# smtp autenticado

## Juan Facundo

Hola a todos.

He estado varios dias configurando mi servidor de correo con postfix, en plataforma gentoo. He seguido los pasos de tal modo que puedo enviar y recibir correos, y que estos sean administrados por el demonio cyrus-imapd y todo funciona bien. He habilitado el soporte para ssl, tls. Tambien me he conseguido un certificado de la CACERT, para darle un "toque" mas oficial a mi servidor.

El tema es que en varios servidores como gmail, hotmail, etc.., casi siempre mi correo es detectado como spam. Segun, por ejemplo, gmail, dice que "el mensaje tiene que estar autenticado" y en la misma web habla de que en los correos de gmail, alguien que envie un correo serio, ellos maracaran en su vista del correo, el famoso "enviado por:"; vease:

http://mail.google.com/support/bin/answer.py?answer=10514

No logro solucionarlo y ya no se que probar. Me he basado en varios documentos para configurar mi postfix, incluyendo los oficiales de gentoo; pero me sigue pasando.

Se que existe la solucion de usar un "relay autenticado" como he visto en varios documentos, pero me gustaria lograr el ser mi propio relay autenticado.

Espero me puedan ayudar.

----------

## Inodoro_Pereyra

Bienvenido al club  :Very Happy: 

Para poder tener un servidor con todas las de la ley necesitas tener el control sobre tus DNS para poder modificar los TXT records con el fin de implementar Sender Policy Framework.

Usualmente una implementación completa con SPF implica un número de IP fijo fuera del rango de cualquier proveedor doméstico de internet, un DNS corriendo sobre ese número de IP fijo (bind, por ejemplo) y el mail server en cuestión, que puede responder al mismo número de IP o cualquier otro mientras esté fuera de este rango de IP's que están en la "lista negra" para evitar el SPAM que generan tantos worms que hay que incorporan su propio mini relay smtp...
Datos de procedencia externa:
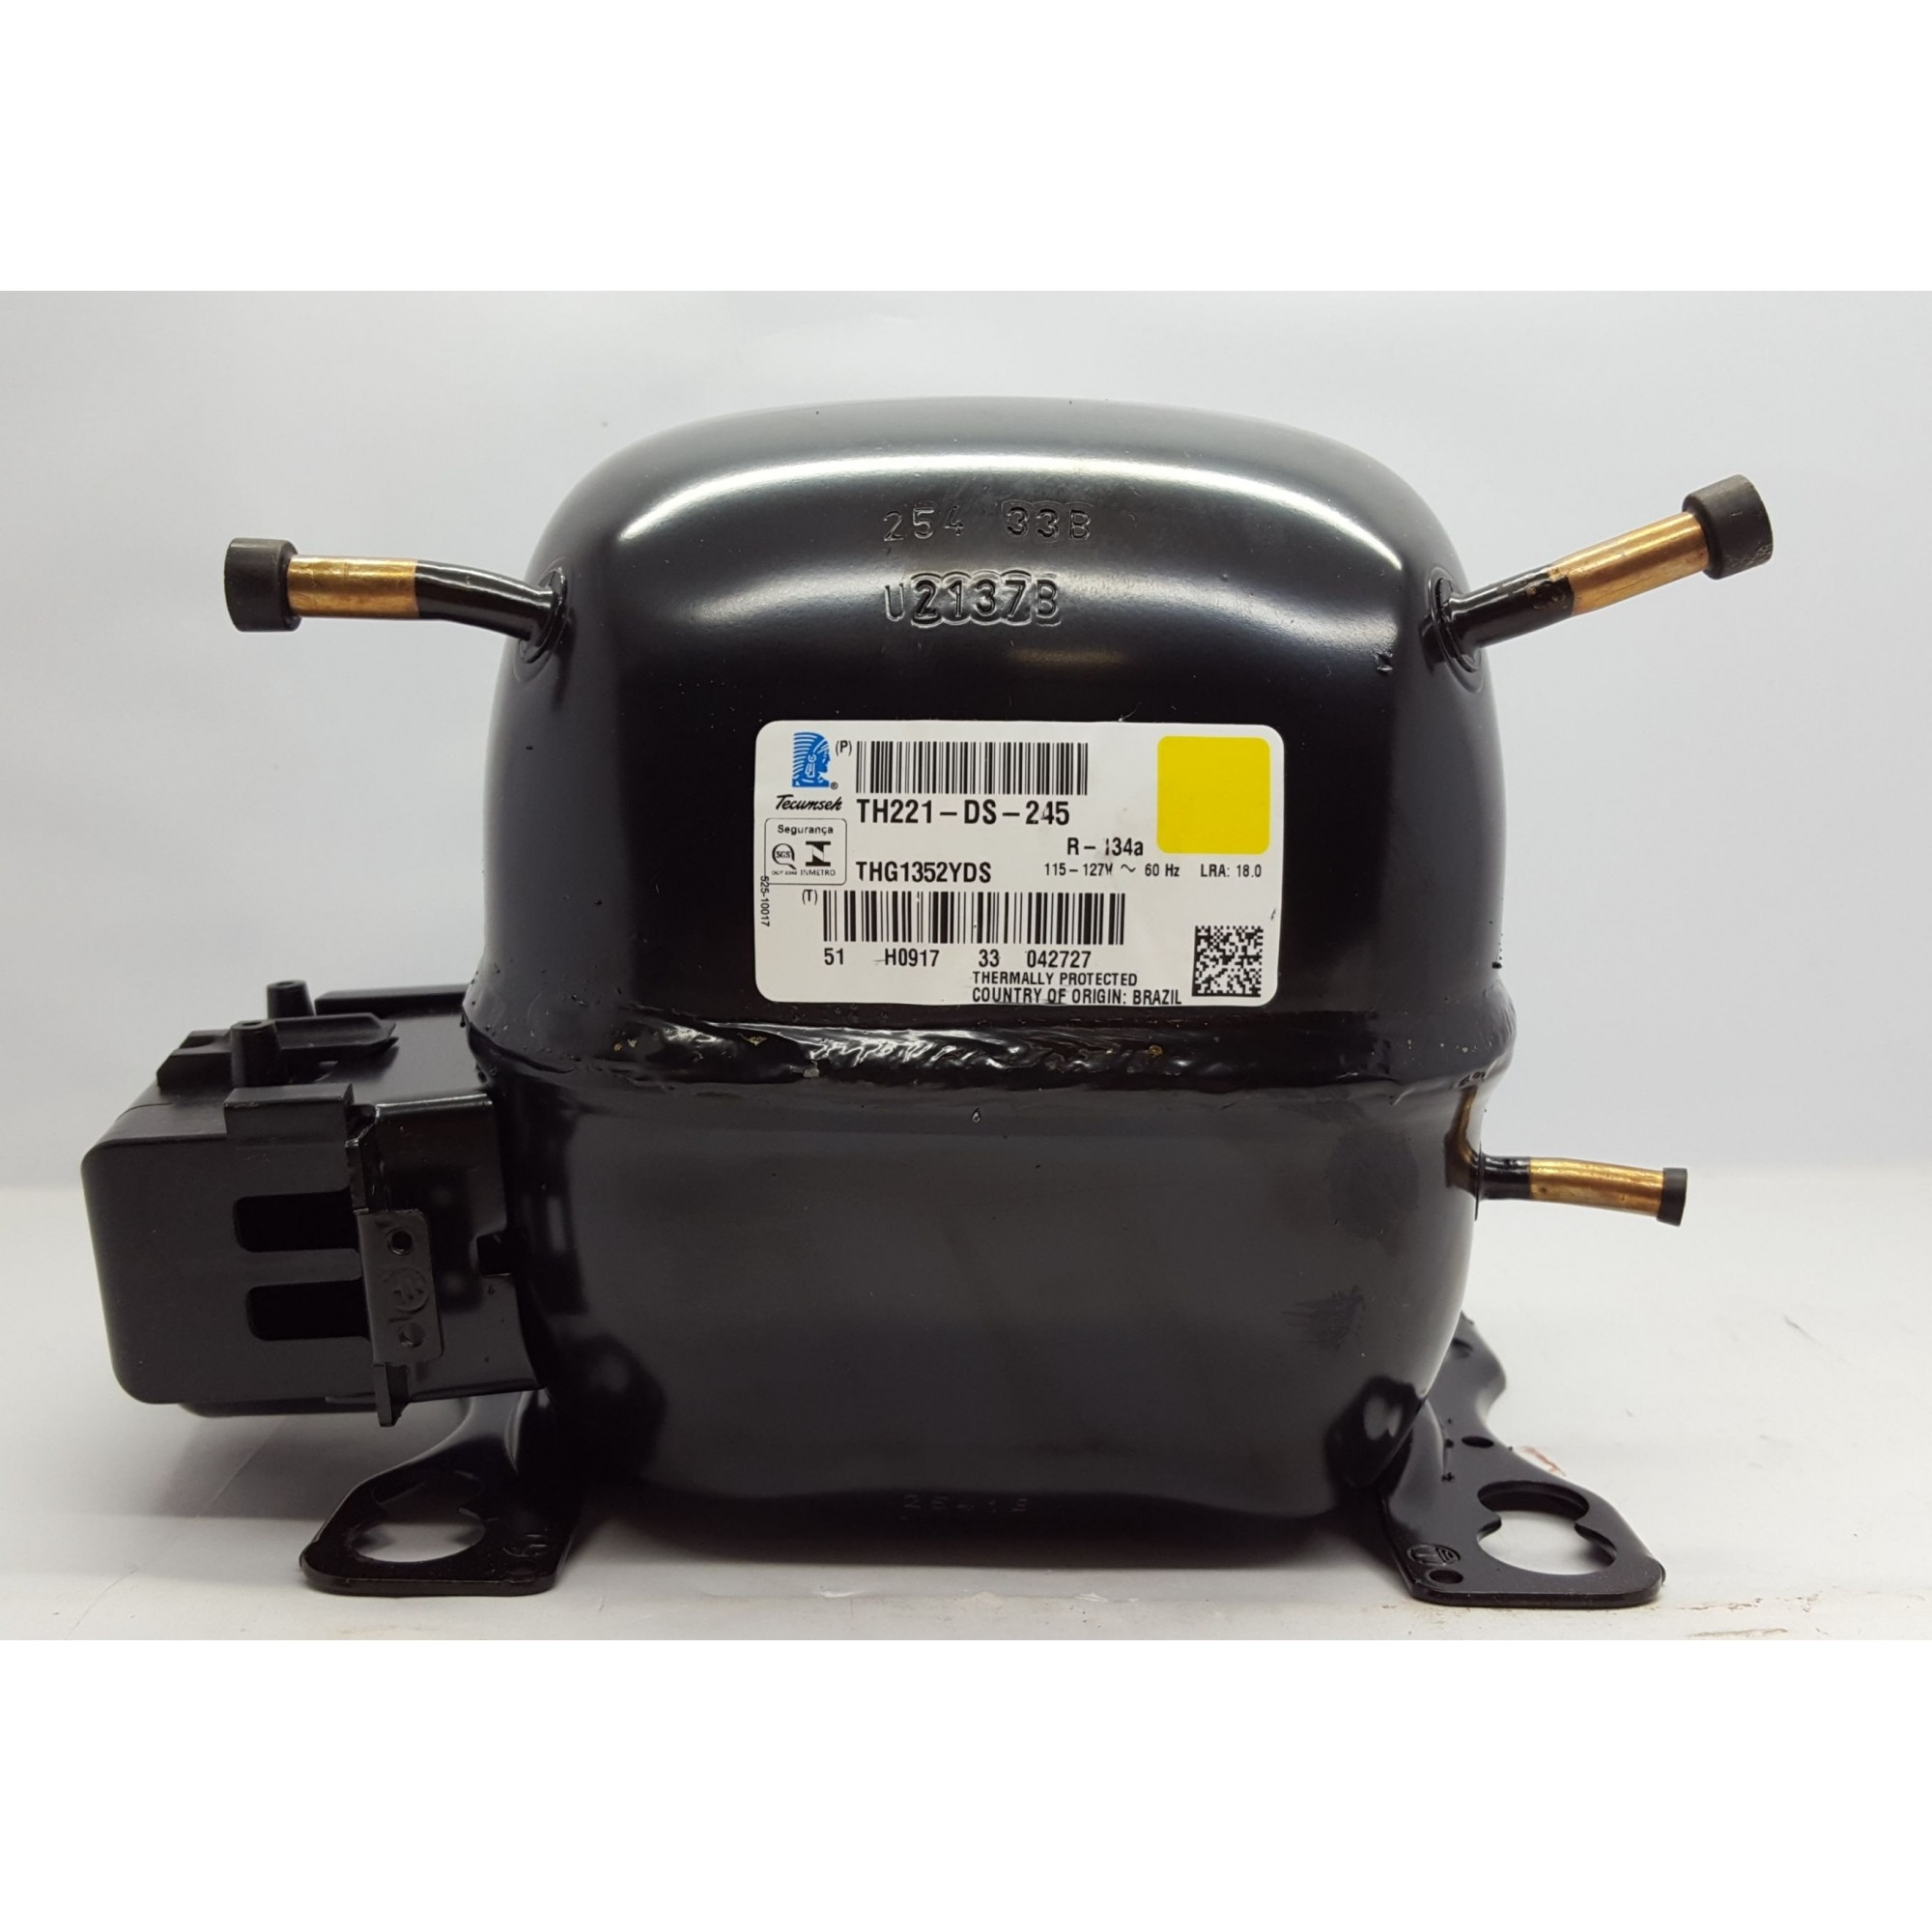 MOTOR COMPRESSOR TECUMSEH 1/6 HP - THG1352YDS - R-134a (110v)

Si no tienes un número de IP fijo te puedes ir olvidando de correr tu propio DNS, por que con cada cambio en el número de IP perderás mínimo unas 12 Hs de conectividad (ruteabilidad del correo electrónico en definitiva) hasta que se propague tu IP nuevo. En estos casos, Zoneedit (creo) o Afraid.org te permiten un cierto control sobre los TXT records.

Usando alguno de estos dos servicios (y debe de haber mas pero no los conozco) como proveedor de DNS para tu dominio, solo te faltaría un número de IP fijo o no, fuera del rango black listed para poder enviar correo electrónico "con propiedad"  :Very Happy: 

Salud!

----------

## Juan Facundo

Bien, la cosa ya tiene otro color. Al menos esta mas claro.
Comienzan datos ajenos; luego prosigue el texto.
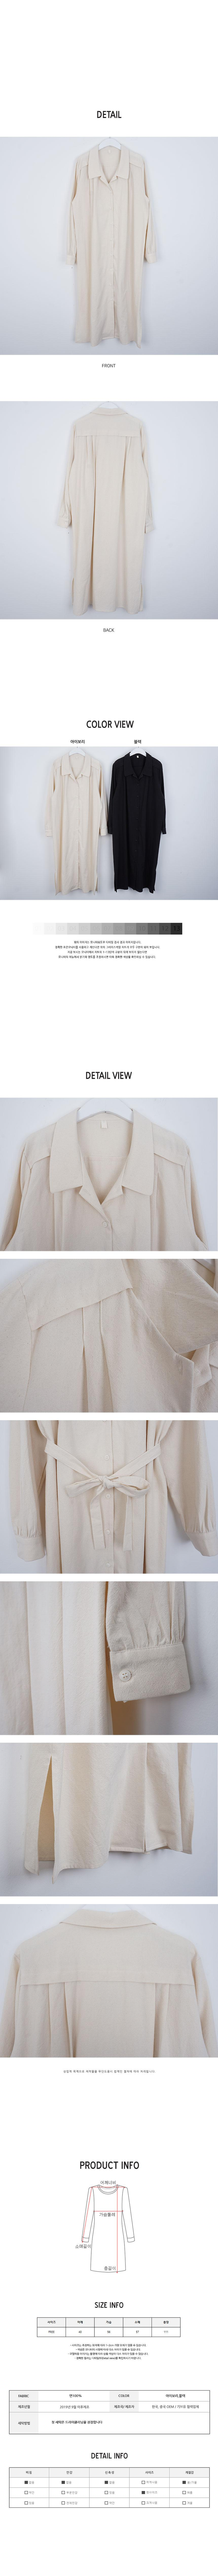 Maren's waist strap dress

Como saber si la ip que tengo, que dicho sea de paso, es dinamica, esta en listas negras?, porque si es de un servicio de adsl domestico y del mas barato que se pueda conseguir. 

Es condicion obligatoria lo de la ip fija ?
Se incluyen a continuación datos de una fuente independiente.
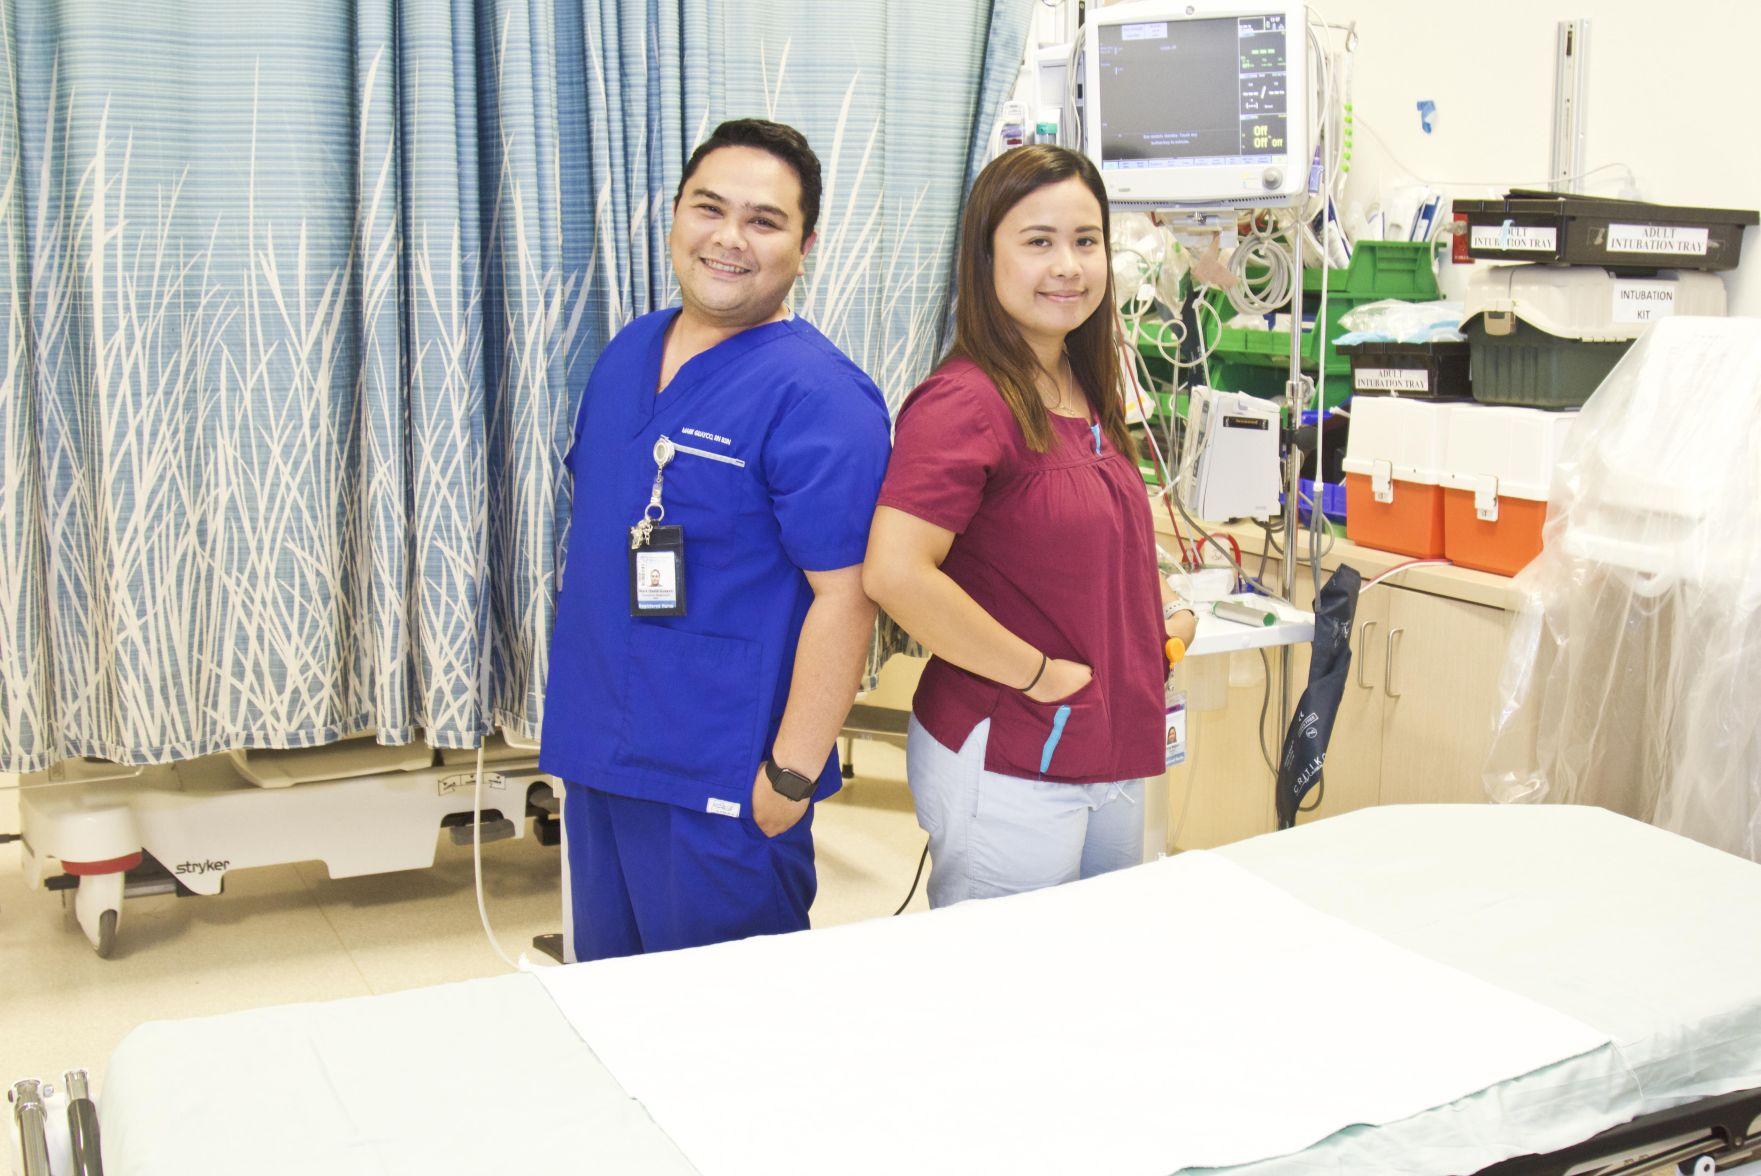 Nurses The heart of a hospital 1

Grax por la info. Fue de mucha ayuda.

----------

## Inodoro_Pereyra

 *Juan Facundo wrote:*   

> Bien, la cosa ya tiene otro color. Al menos esta mas claro.
> 
> Como saber si la ip que tengo, que dicho sea de paso, es dinamica, esta en listas negras?, porque si es de un servicio de adsl domestico y del mas barato que se pueda conseguir. 

 

Unicamente habiendo implementado SPF te vas a enterar de si tal o cual proveedor de email tiene el rango de números de IP que el ICANN le haya asignado a tu ISP en las listas negras o no.

 *Juan Facundo wrote:*   

> Es condicion obligatoria lo de la ip fija ?
> 
> Grax por la info. Fue de mucha ayuda.

 

Si pretendes correr tu propio DNS, entonces si. En caso contrario, afraid.org / zoneedit al rescate, que son proveedores de DNS para números de IP dinámicos.

Salud!

----------

## Juan Facundo

Se como usar dns para ip dinamicas, de hecho uso uno, pero no se si este me permite ingresar un registro "in txt" !

Ahora la pregunta del millon: si logro ingresar un registro "in txt", puedo implementar spf ??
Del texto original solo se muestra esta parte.